Beyond the potentiality that smart ships have on performance, there is continuous work and evolution that has led HHI to a competitive level of expertise. In 2011, the shipbuilder launched a cutting-edge version of its smart ship solutions – “a first of its kind” system – and has since implemented the technology on approximately 300 delivered ships as of 2017. Combining unparalleled expertise and internal capabilities, HHI acquired solid experience by partnering with Accenture – a global management consulting, technology services, and outsourcing company – to create an innovative system designed to reach major competitiveness with real-time data.

This collaboration has not only allowed HHI to master the arts of the IoT and built-in technologies, but also to optimise navigation and operational savings while moving successfully from the manufacturing field to services. “ HHI’s technology seeks to align with delivering the key benefits we believe the maritime industry will most benefit from through the adoption of connected, digital and autonomous technologies as the next generation of shipping embraces digitalisation,” said Luis Benito, director of Marine and Offshore Innovation, Strategy, and Research for Lloyd’s Register.

Another important milestone took place earlier in May this year, when HHI and Bhari – the National Shipping Company of Saudi Arabia – signed a Memorandum of Understanding (MoU) to strengthen long-lasting relationships and commit to current and future projects. Both parties have agreed that working together is crucial to the design of data-driven initiatives that give the green light to a better decision-making process, generate higher revenues, and achieve customer satisfaction in the transportation industry.

As time goes by HHI has taken a lead in the development of smart shipping solutions for safer navigation and efficient ship routing. HHI has also designed a vessel data model as a foundation platform that will secure the transfer of whole data from sea to shore, delivering multiple, reliable services to ship owners. Perhaps some of these technologies will be supplemented and operated by Middle East owners to enhance its collaborations, or it may be the case that HHI would contemplate a successful move from initial on-ship services to a promising, stakeholder-oriented scenario.

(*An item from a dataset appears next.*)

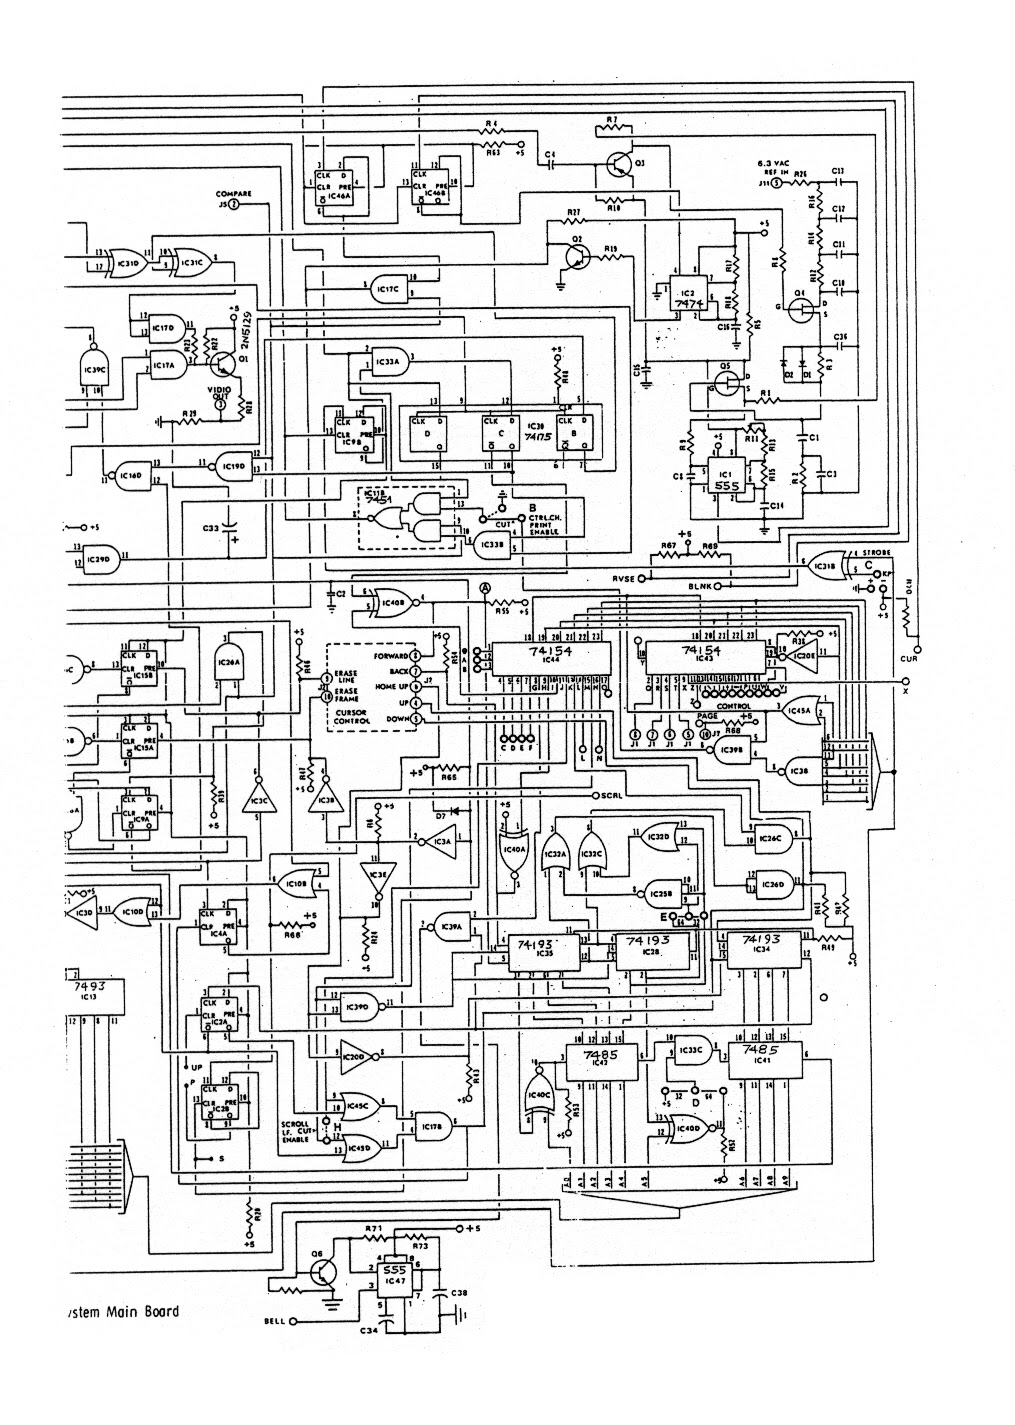 2000 International 4700 Starter Wiring Diagram

Recently, although HHI has suffered a substantial loss of approximately 12 percent of ship sales in 2015, the company is still ranked first with over USD 24.4 billion worth of vessels on order as of 2016. However, important technology developments along with green and other stakeholder demands are once again re-defining the industry. “According to Clarkson Research, about 6,500 ships are to be ordered globally for the next five years. Considering the global shipbuilding market share attributed to HHI, ISSS is to be installed on approximately 700 ships for the comparable time period,” continued Benito.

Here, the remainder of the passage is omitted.